Monday, March 28, 2011
Mother Non Grata
She doesn't want much...just a chance to look at him, a hug, some conversation. Her heart is full of love for him but it is now couched in the pain of his rejection of her. She is treated like a threat..this bright senior, who walks with a cane. She wonders how he might explain to the police if they were called to remove her from his doorstep. "Officer, this woman is stalking me?" Yeah, that is one dangerous granny, there, Fella. This is my dear friend and she hurts in her heart.
She has lost her child and that child's children and generations that will come. Would it hurt him to make those tiny concessions....to send her an occasional "Hi, How are you?" Who would he be betraying? His adopters might be putting pressure on him. He might be holding his anger to him like a toddler holds on to a blankie. As toxic as that misguided anger is, it is the devil he knows. To let go of that resentment, and to honor this woman's place in his life is a proposition that must terrify him. Anger is a surface emotion. Scratch it, and you usually find fear and sadness.
She still hopes and prays that he will give her a chance to see him, just once, to explain what happened, to let him know he was and is loved. Maybe that is what he is fearing. That the lies about the careless and uncaring beemommy will come tumbling down around him and the truth will put its light to the dark and unreasoning things he has been told or has imagined and made real. I fear he might wait to see that light until it is too late.
I've heard, directly from the mothers, of many such cases. Mothers aren't the only ones who reject. Even those of us with relationships often get reminded of how secondary we are in the lives of our adult children. When you are told, "you only gave birth to me," or "it was meant to be that I was adopted by my (adopters)," when you are treated as nothing more than a repository for medical information and are not even allowed to attend important events in your adult child's life, you know you are being punished. Because, because, because...no matter what kind of papers we did or didn't sign...we became MOTHERS when we gave birth to you. We've been slapped in the face enough for one lifetime, don't you think?
I think that some are dismayed to find that we are not sluts, crack whores or deviants. There is the occasional exception that proves the rule, but the majority of us are accomplished, educated, some of us married, grandmothers with talents and self-respect. My daughter told me, when we reunited, that "it was okay" if I didn't know who her father was. WTF?? I know of another mother who is at the "it is what it is" stage who was told by her adult child that it would have been easier for her if Mom had turned out to be a drug-addicted prostitute or words to that effect. The stereotype of the surrendering mother doesn't help us a bit. I would hope that our adult children would love having a natural mother they can respect. We are not that kind of person now, and we weren't then.
Most of us understand that our children are going to feel love and loyalty for the people who raised them. But I can remember someone saying to me, about 17 years ago, "If a mother can love more than one child, why can't a child love more than one mother?" I dunno about that one. Usually we are all allotted only one mother and, if your family is like the majority, you had to share her with siblings. I wonder if sibling rivalry is all about fighting for the parents' attention? That has to be a part of it.
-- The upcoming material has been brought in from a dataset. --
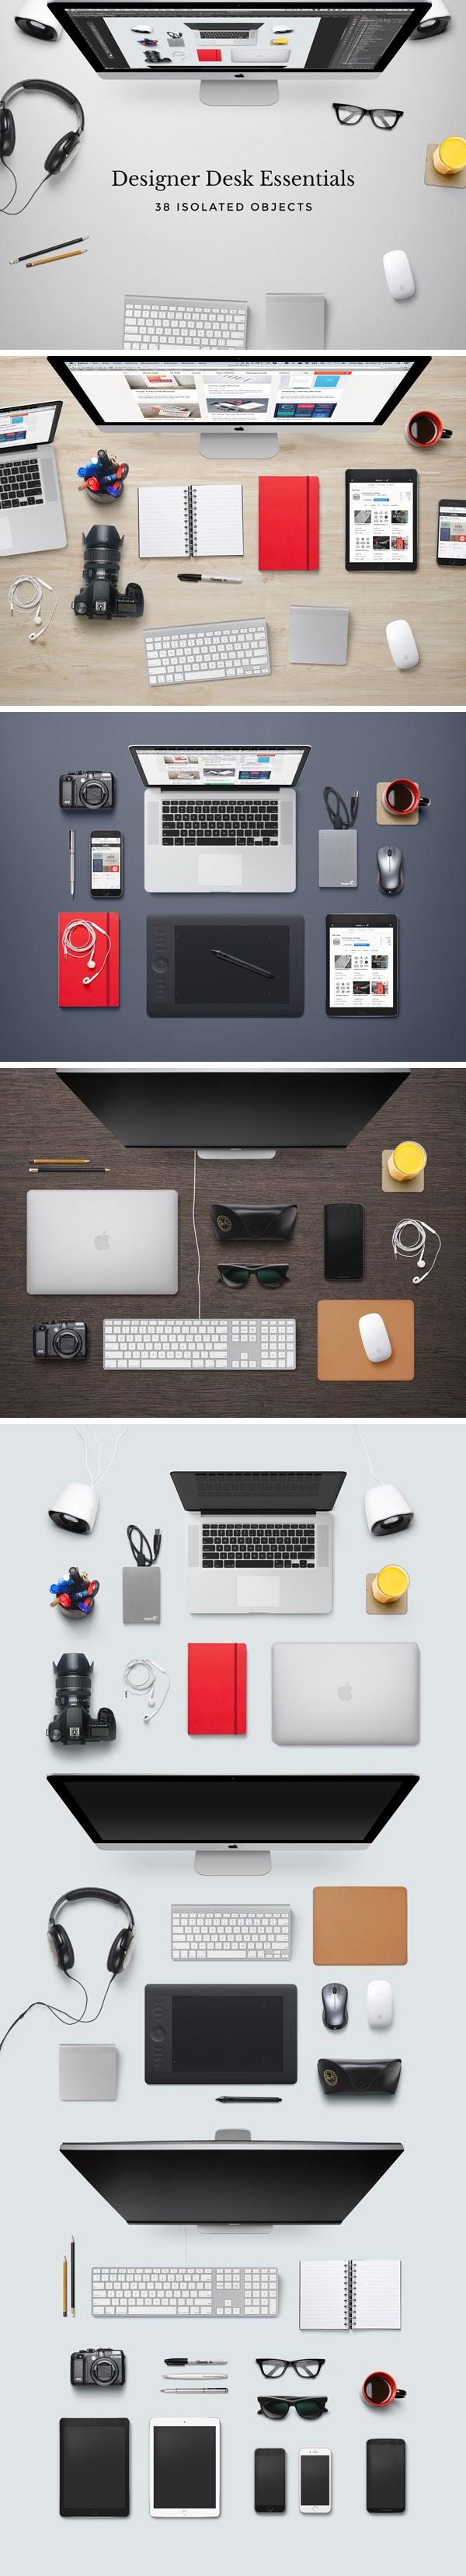 Designer Desk Essentials Mockup

But I digress...or maybe not. I have also seen many an adult, who was adopted as an infant, resent the fact that the Natural Mother went on with making some kind of life for herself. It matters not to them that we carried the loss and the grief with us for the lifetime of that surrendered child. What matters is that they seem to often see us as, somehow, undeserving of any kind of life if we "abandoned" them. How dare we have other children? How dare we love those other children? How dare we laugh or love?
Not all the angriest adoptees are the ones who are rejected by their Natural Mothers. There are many who are wanted, welcomed, searched for and loved who just want that woman to bow, scrape, beg forgiveness and rot in solitude or, at the very least, sit in the back of the bus and only come forth when invited and then, the head must be properly bowed. In many cases, she is either pulled forward and pushed away at the same time, or else she is cut off, entirely. She is a non-presence in their lives. These are the ones who need to do a reality check and grow up, quickly, before their brain sets up like cement.
So rejection is a double-edged sword. It cuts both ways and leaves wounds on the mother every bit as often and as deep as those on the adult child. It's funny in that the adoptee rejects the mother because of all the lies they were told. The mother rejects the adoptee because of all the lies she has told herself. Either situation is dysfunctional and unfair to all involved.
To these adult children of surrendering mothers and to the mothers who live their own lies....it's time to grow up, gear up and face the truths and accept the love. There are a lot of us moms who don't have a whole lot of time left.